Remix albums: always shite, right? Some faceless fella goes cut ‘n’ paste crazy on another artist’s slice of soulful_ whatever, tears its heart out to a dance beat and makes off with a pocketful of dollar bills. Yeah? For the most part, _correct-a-mundo. But Four Tet’s never come across as the money-hungry sort; he – Kieran Hebden – hasn’t once dabbled with the work of an absolute flash-in-the-pan sort, a temporarily fashionable group of musicians whose output will be as dated in a year’s time as those jeans with strategically-placed ‘tears’ you still find on high street store racks. (Really, someone, please: just make it so I can find jeans without silly rips and patches all over them...)
Remixes is a double-disc affair, the second of two collecting every remix of Four Tet’s original material, as tampered-with by the likes of Battles and Boom Bip. This, though, we’re not concerned with, albeit primarily because we don’t have the promotional compact disc with said material on it to hand. (We haven’t lost it – we never received it.) Instead, today’s focus centres firmly on disc one, a handpicked mix of Hebden’s favourite remix projects.
The collection begins with the upbeat, clang-and-clatter microbeatery of ‘Tics’ by Lars Horntveth; it’s one of a good few tracks here that could conceivably be heard as a Four Tet song in its own right, if you weren’t already wised-up to the nature of the record at hand. Drums are rolled and something pings and dings with traditional Four Tet repetition, a rush of cymbals towards the track’s end signalling a noticeable stylistic shift as the album flows from one-of-twelve to the next in line: Radiohead’s ‘Skktrbrain’.

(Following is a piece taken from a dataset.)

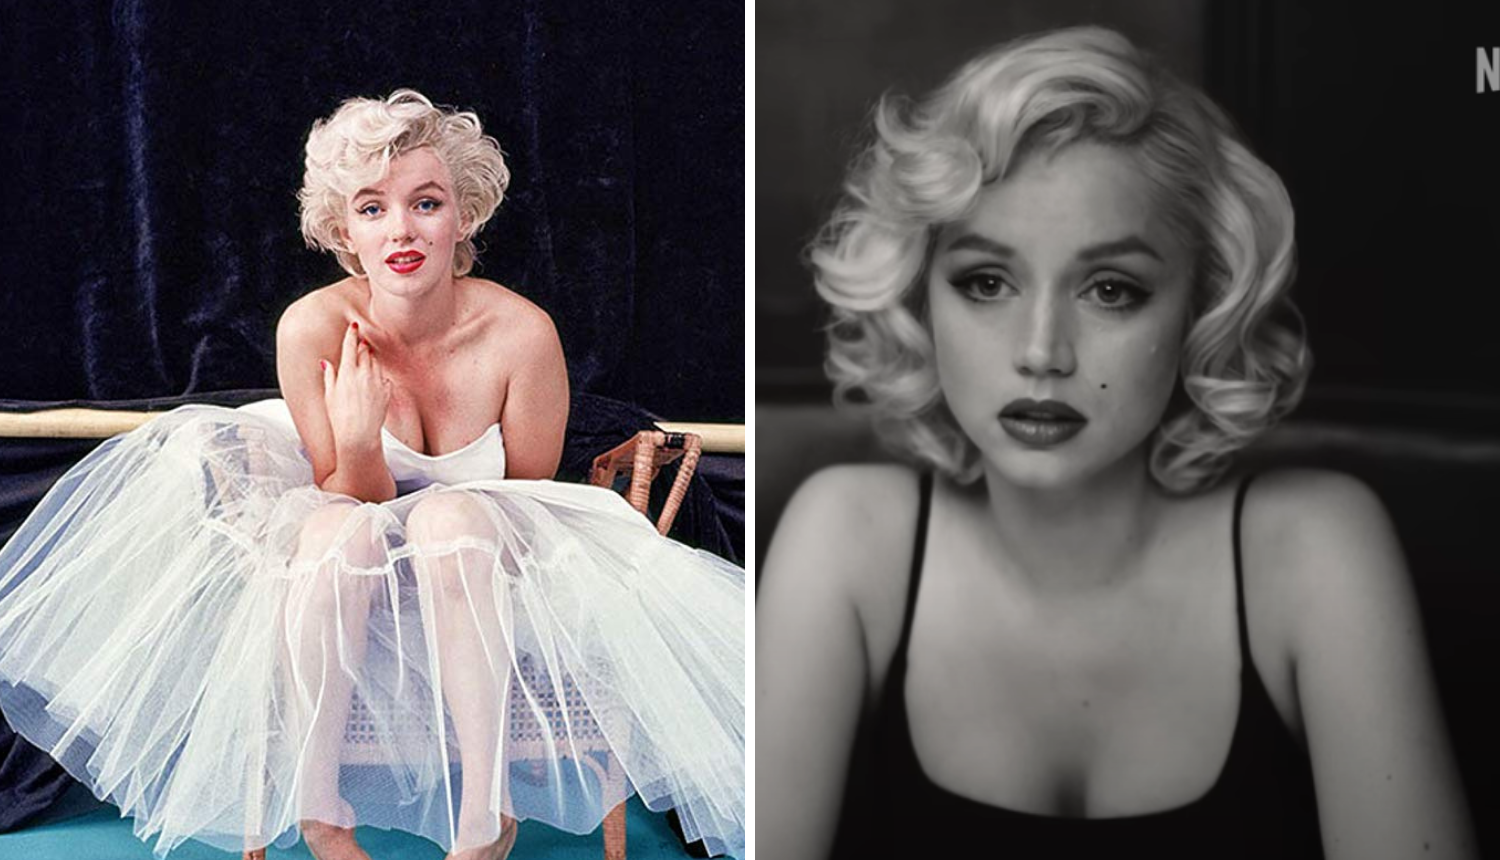 Kakva sličnost! Pogledajte kako se seksi Kubanka transformirala u legendarnu Marilyn Monroe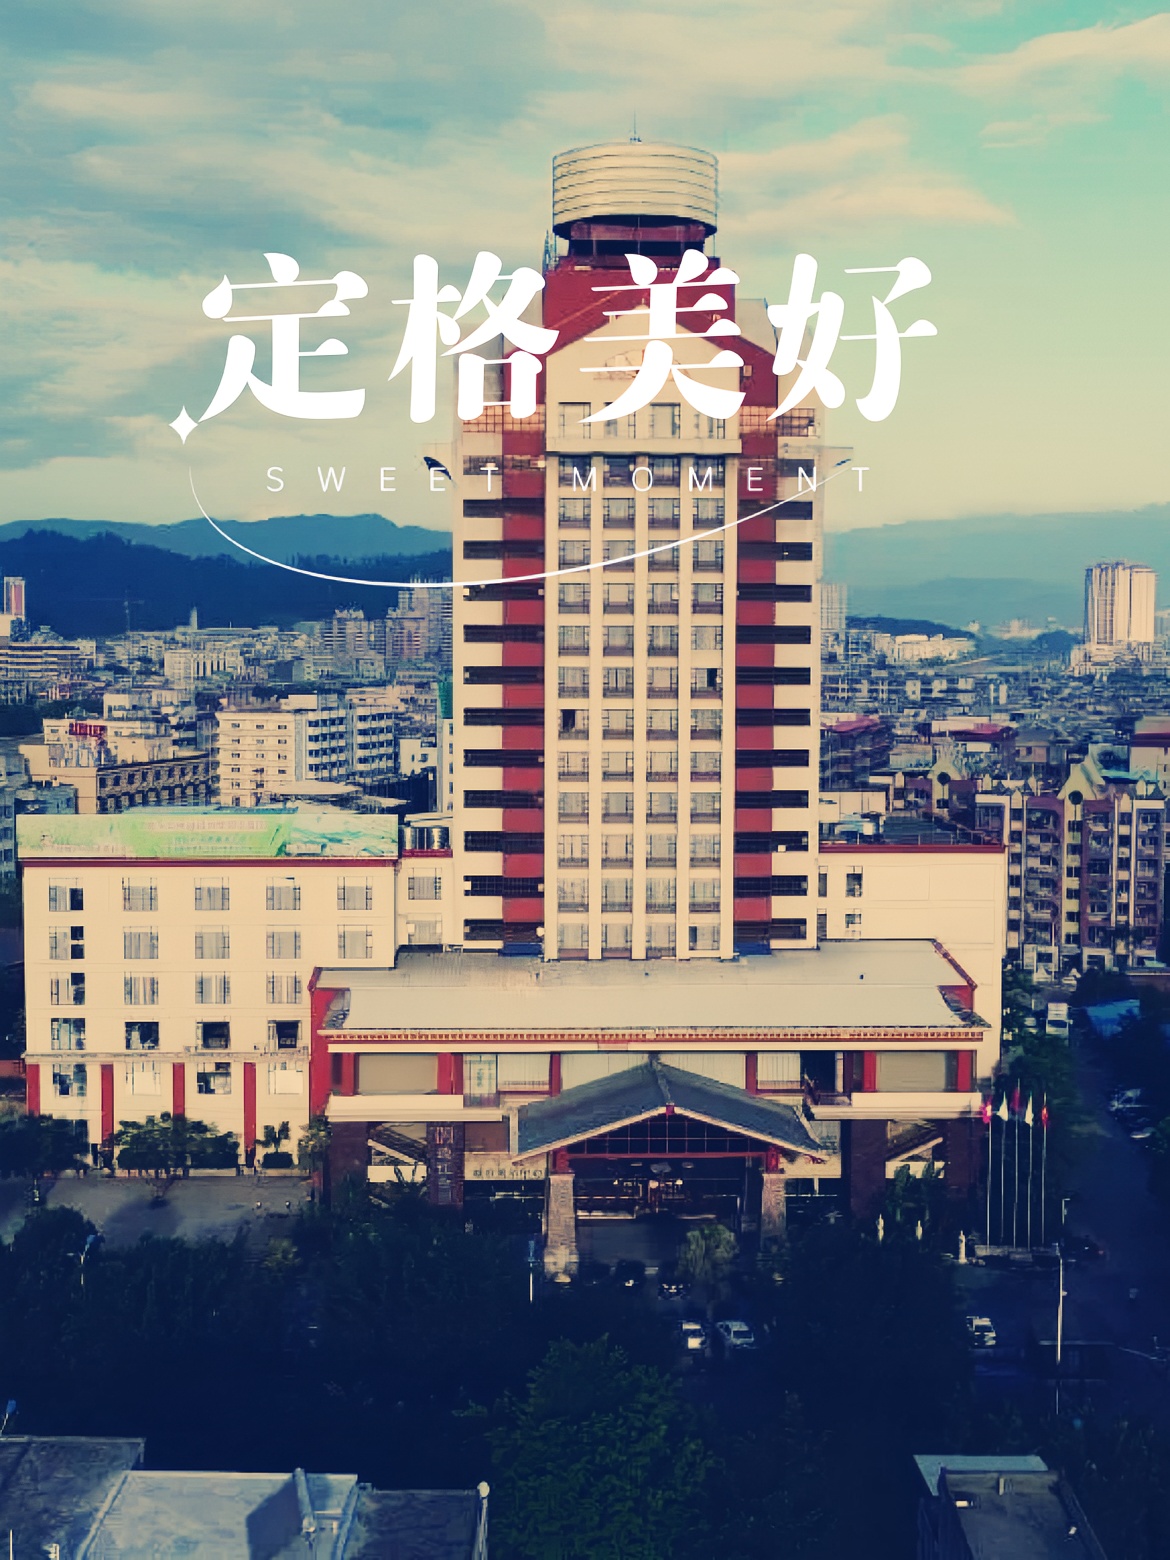 [Cute]丰顺金德宝酒店位于丰顺县城中心地段，是一家集住宿、餐饮、温泉水疗、会议、娱乐等功能为一体

While not the most remarkable piece of music on this disc, Hebden’s reworking of Hail To The Thief’s penultimate track is among the most immediate: Thom Yorke’s unmistakable wails work well with the additional drama Hebden brings to the arrangement. This trick’s repeated much later on, as Hebden gently blows a little of everything ethereal across Bloc Party’s ‘So Here We Are’. The vocals suck you in before the elongated drones and whispers sing you to sleep, bubbling brooks running through your dreams and giant honey bees leaving the very sweetest nectar on your picnic blanket. Until the drums kick in, anyway: then the rock returns to the Bloc and every dormant missile this side of the Cold War flies skywards. It’s entirely probable that, when the coming of the apocalypse is finally made public, this song will comprise the aural backdrop to a simple on-screen text message. Nobody will care a damn about the death raining from the heavens...

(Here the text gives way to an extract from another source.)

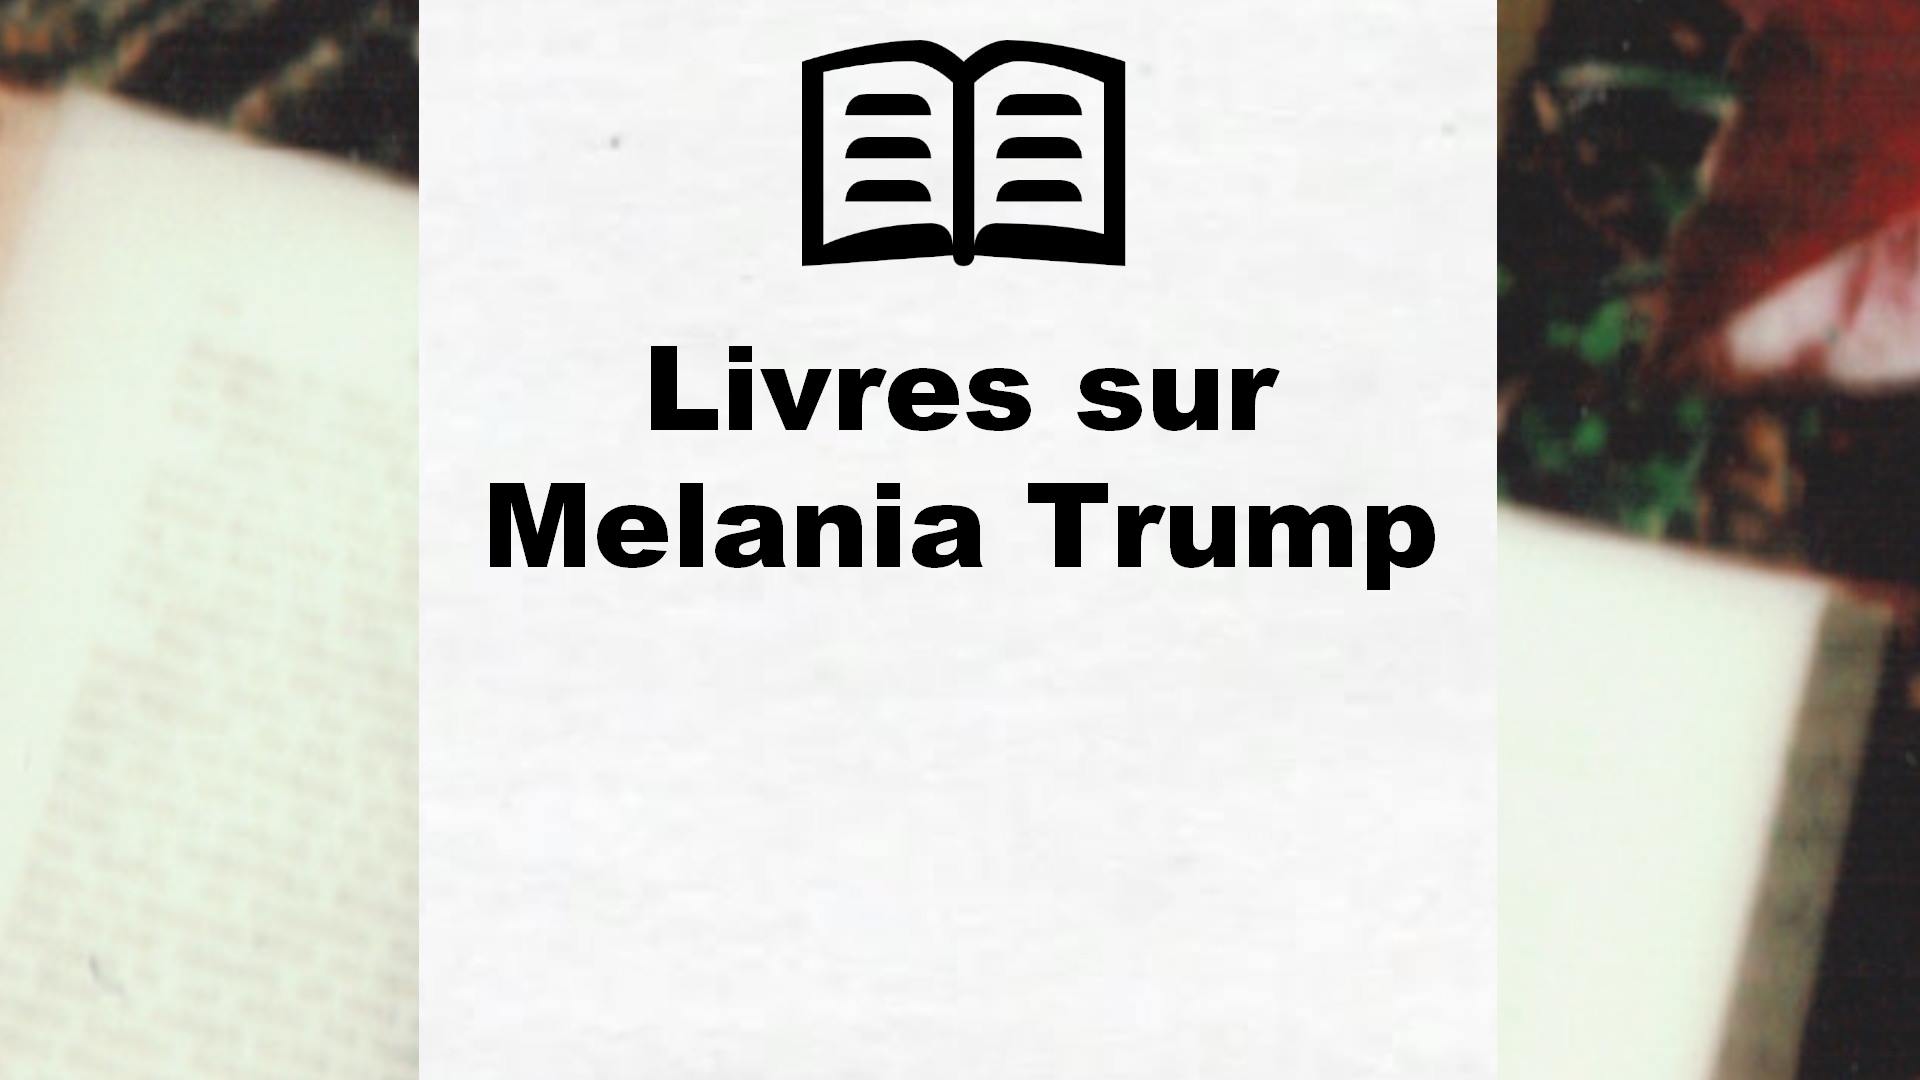 Livres sur Melania Trump

Madvillain receives the Four Tet treatment twice here, but neither ‘Great Day’ nor ‘Money Folder’ really benefit from the encounter; elsewhere though, Pole’s ‘Heim’, the disc’s closing piece, is rather wonderfully re-realised. Gentle beats and twinkled keys see the listener home like a warm hand at an unmanned road crossing – there’s a sense of safety, but the residual resonance of something really quite exciting. Not that we advocate playing with traffic, of course... but crossing when the Green Man’s conspicuous by his absence, when there’s nothing coming in either direction, is just fine.
Don’t tell your mother we told you so, mind. She’ll only say that such a suggestion is nothing but shite, a load of hot air a la so many ill-advised remix albums. Other being the operative word, here.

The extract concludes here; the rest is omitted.